È una mostra di sole consonanti, che non concede spazio alle celebrazioni, ma che porta il visitatore a calarsi nel vortice di una creatività che non si fermava mai ad ammirare se stessa. Sottsass era un designer felicemente inquieto; nel senso che quella sua estrosità, che lo portava a soluzioni anche destabilizzanti, non era generata da un’ansia, né oggi genera ansia in chi la guarda e la vive. Basta entrare nel grande spazio centrale della Triennale dove sono raccolti i mobili “impossibili” per rendersene conto: siamo disorientati, ma ci sentiamo comunque a casa…



Sottsass era un irregolare profondamente rispettoso della vita regolare degli uomini. Stigmatizzava i colleghi che non rispettavano i principi elementari della progettazione. “All’ultima Biennale”, disse poco prima di morire in un’intervista, “ho notato che tutti i grattacieli esposti non hanno mai segnato l’orientamento, il nord, il sud, l’est e l’ovest. Vuol dire che a questi architetti non interessa dove è il sole, dove è notte e dove è giorno, sembra che non gli interessi abitare questi posti, ma solo disegnarli”. 

Si diceva lontano dal funzionalismo non perché volesse abbracciare una filosofia opposta, ma perché non se la sentiva di violare la vita delle persone, dettando lui le funzioni. “L’architettura si abita mentre l’arte si guarda ed è una differenza fondamentale”: era uno dei suoi pensieri più ripetuti nelle interviste. Per questo si accostava con disinvoltura ma anche con pudore al progetto, stando attendo di non imporsi a chi ne avrebbe fatto uso: oggetti liberi, rispettosi della libertà del destinatario.



Ammirava Le Corbusier e ci teneva a spiegare quanto la sua lezione fosse stata importante per lui. Solo che, a forza di scavare nella vita, si era reso conto che geometrie e misure non potevano bastargli, neppure se condivise dai più e assurte a dignità di standard. Vedeva la vita come una felice complessità, e pensava che il suo compito fosse quello di accettare quella complessità, non di regolarla o di incanalarla dentro una razionalità. 

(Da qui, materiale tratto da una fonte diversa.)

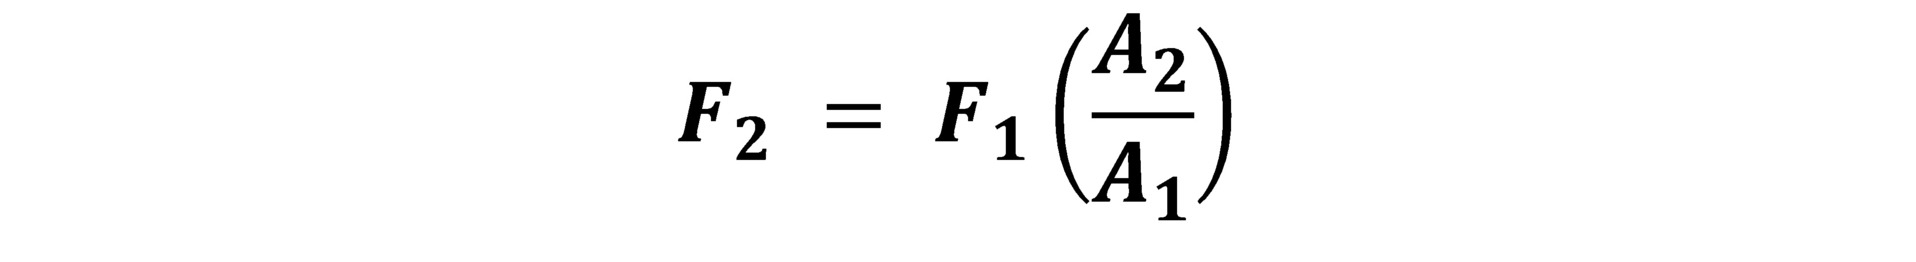 فرمول اصل پاسکال چبست؟

Per questo la mostra di Milano è davvero uno specchio del modus operandi di Sottsass. Un modus operandi che aveva nella generosità creativa la sua cifra. Era un uomo che non teneva nulla per sé. Che pensava che ogni intuizione fosse da considerare bene comune. Quindi patrimonio da condividere, massimamente open source. 

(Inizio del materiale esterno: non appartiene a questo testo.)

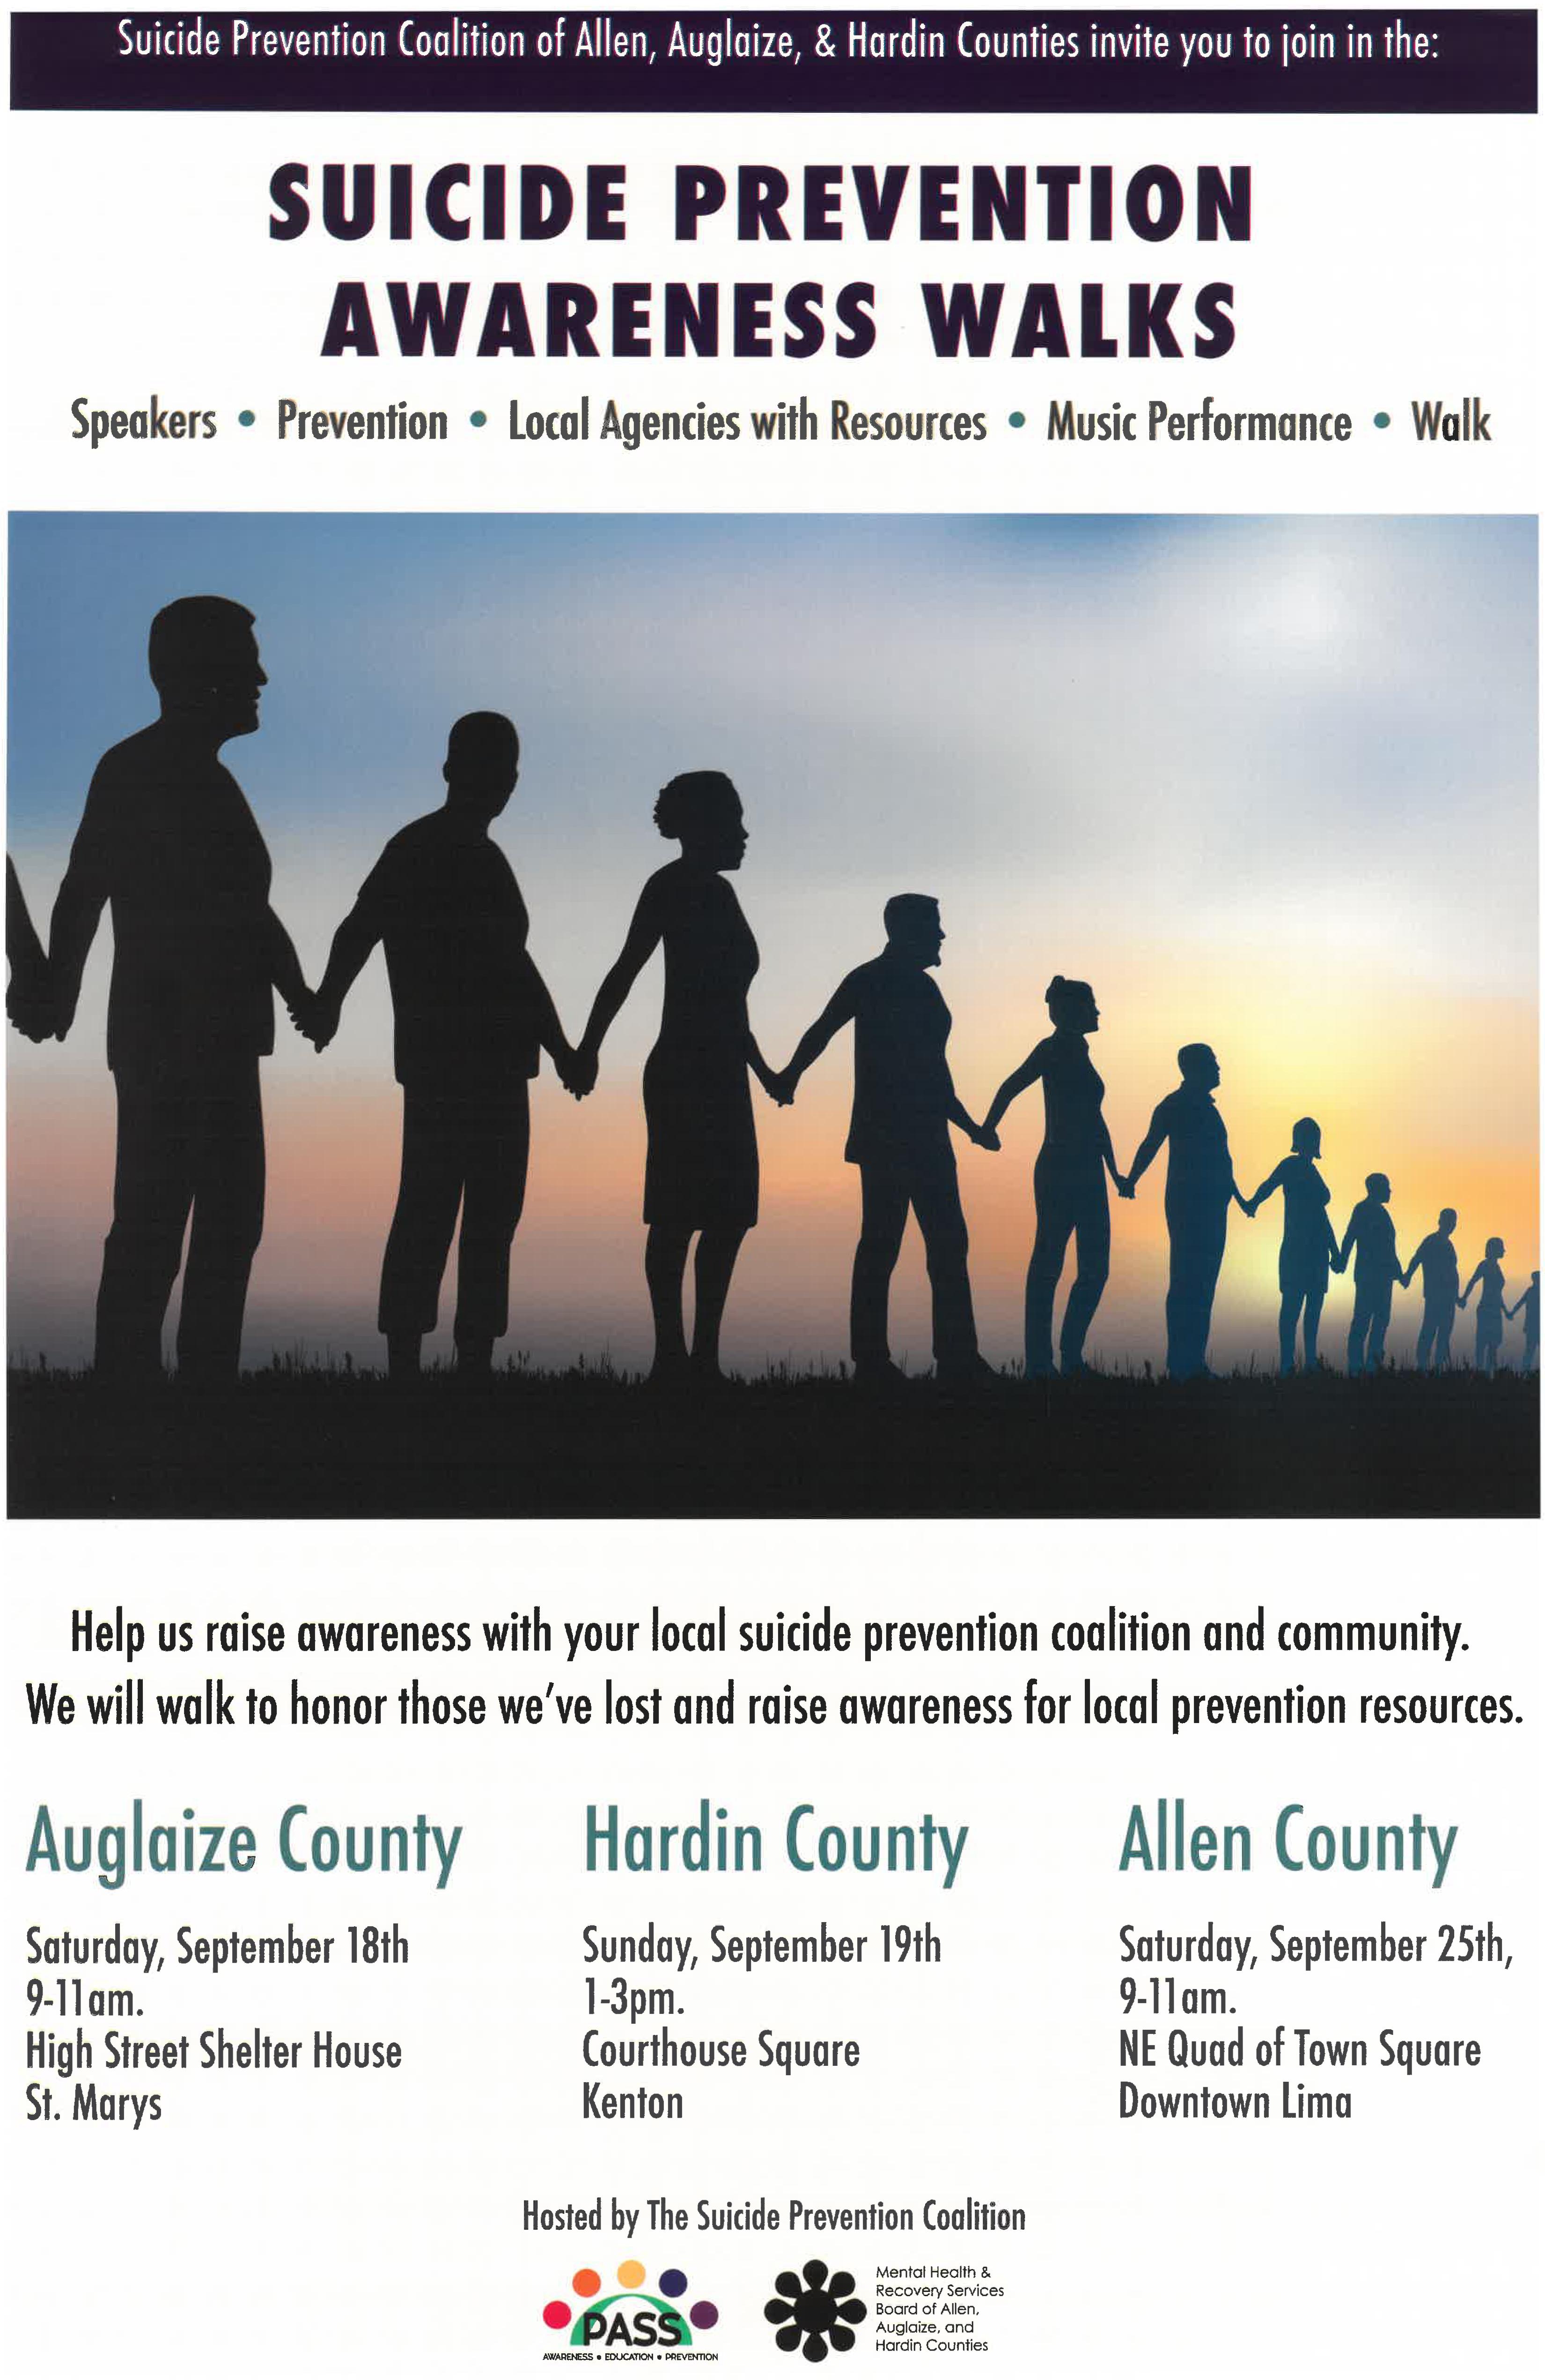 Suicide Prevention Awareness Walks

Era un uomo libero e per questo anche sperimentatore. Osava sui colori, dopo aver ammesso di essere stato colpito dagli accostamenti cromatici choc delle ragazze parigine durante il ’68. Osava sui materiali, arrivando a progettare con il poliuretano espanso uno dei primi divani senza scheletro interno. I suoi oggetti hanno sempre un accento di bizzarria. Ma non era un accento antagonistico rispetto ad uno stile più razionale in cui non si riconosceva più. Piuttosto la sua estrosità apriva varchi nel quotidiano delle case, spalancava nuovi modi di vivere il paesaggio domestico. Non per sfida ma per amore.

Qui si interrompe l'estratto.